La mañana siguiente, me acordé de la pulga, agarré el zapato, una lupa

y me senté en el borde de la cama, dispuesta a atraparla. Busqué por todos lados sin éxito. ¿Qué habría pasado con la asquerosa pulga? En el desayuno unté la tostada con mermelada de frutilla, la que viene con semillas, y un segundo antes de morder, vi en la punta de la tostada, confundida entre las semillas a LA PULGA. Era tarde, la tenía en la boca. Cerré los ojos y me la tragué, con la esperanza de que mis jugos gástricos deshicieran a la pulga de una buena vez por todas.
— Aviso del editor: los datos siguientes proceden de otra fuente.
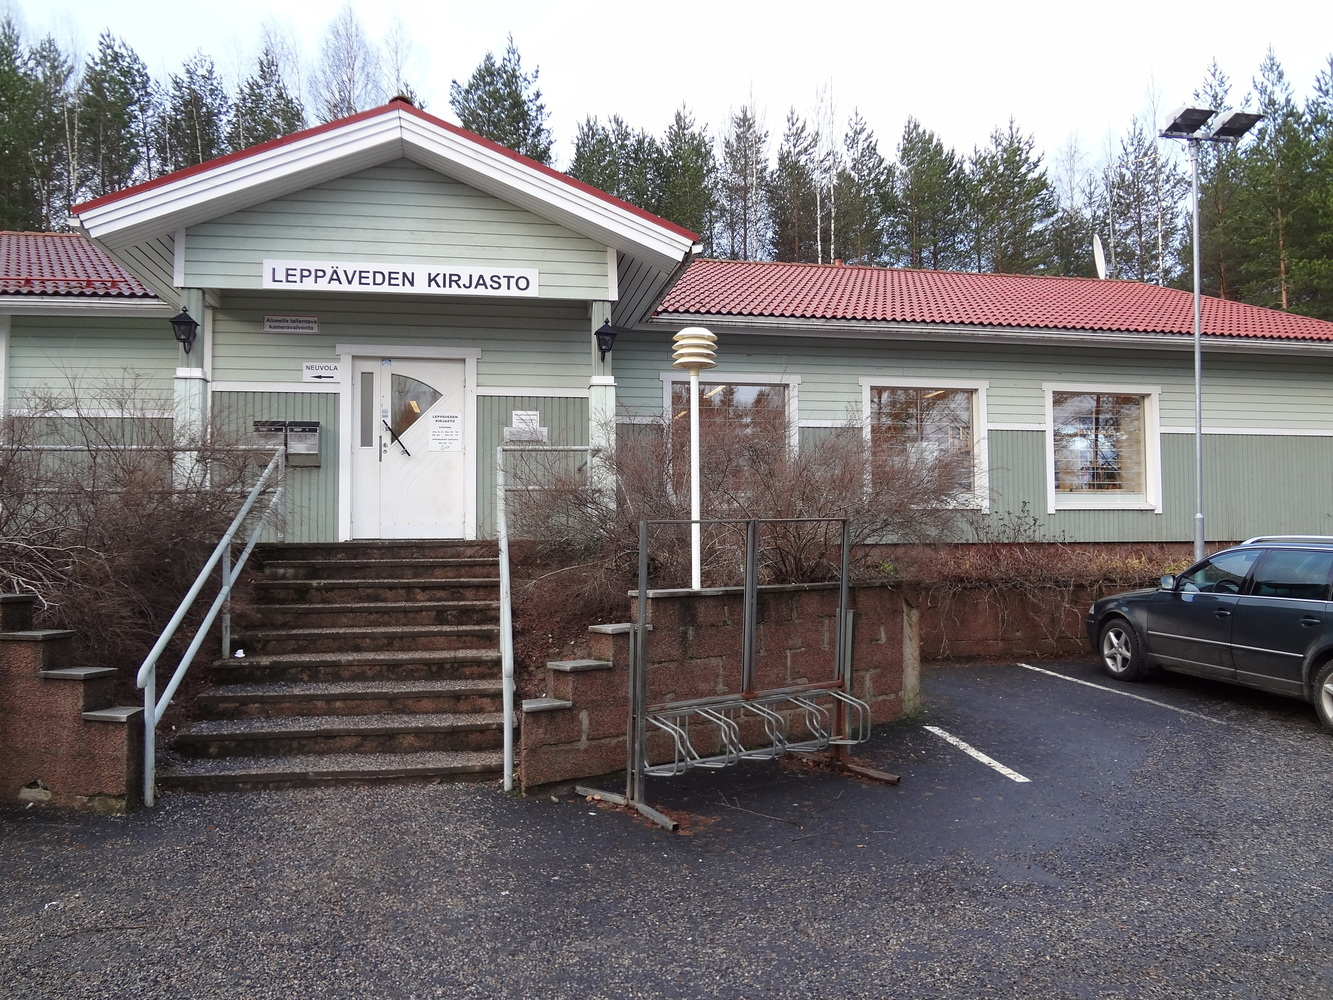 Leppäveden kirjasto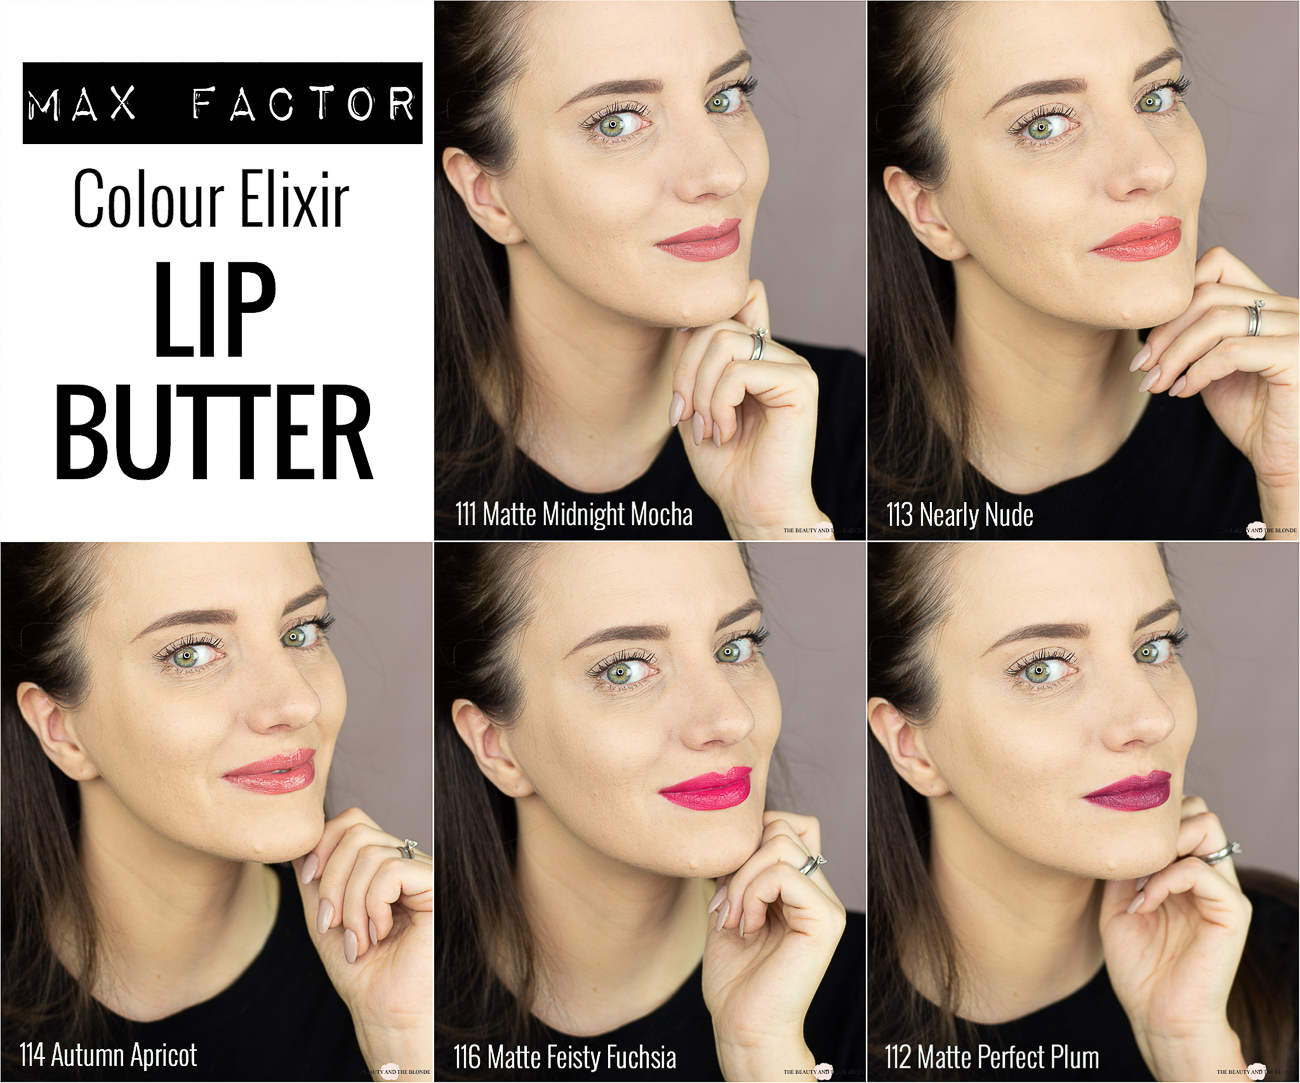 Max Factor Colour Elixir Lip Butters Lip Swatches

A la tarde, volví del trabajo pensando que la naturaleza ya había hecho su trabajo, y que la pulga ya no me molestaría más. Me senté en la computadora, prepare un mate y cuando abrí el libro de cuentos: LA PULGA! Lo cerré muy fuerte, para aplastarla del golpe y cuando abrí, ahí estaba la pulga de nuevo, con los bracitos en la cintura, mirándome con cara de piola.


Loca

y re loca me metí en la ducha pensando que estaba imaginando cosas. Que no podía ser. Que seguro lo estaba inventando, y que el agua me haría bien. Salí, me envolví el pelo en la toalla y me mire al espejo. Ahí estaba de nuevo, jodiéndome la vida. La pulga en medio de mis cejas, sacándome la lengua. Corriendo me di un manotazo en la cara, para aplastarla rápidamente. Nada. Había desaparecido de nuevo.


Ya totalmente desconcertada lo llamé al Croata, que estaba saliendo del

Dojo, y me hablaba en un idioma que yo no entendía. Primero pensé que me hablaba en japonés, pero después pensé que se había CONVERTIDO en un japonés, de tanto practicar las Katas. Tenía miedo de encontrarme con un marido diferente al mío. Igual, pero con los ojos achinados. Bah, ajaponesados. Corté el teléfono, me miré de nuevo al espejo, tenía marcada la mano que me había pegado en la frente, un marido japonés y una pulga escurridiza.


Hasta que de repente: RIIIIIIIIIIIIIIIIIIIIIIIIIIIIIIIIIIIIIIIIIIIIIIIIINGGGGGGGGG RIIIIIIIIIIIIIIIIIIIIIIIIIIIIIIIINGGGGGGGGGG Por suerte todo había sido un sueño, la pulga no existía, El Croata no era japonés y yo estaba durmiendo calentita con Astor hasta que me despertó el sodero tocando el timbre.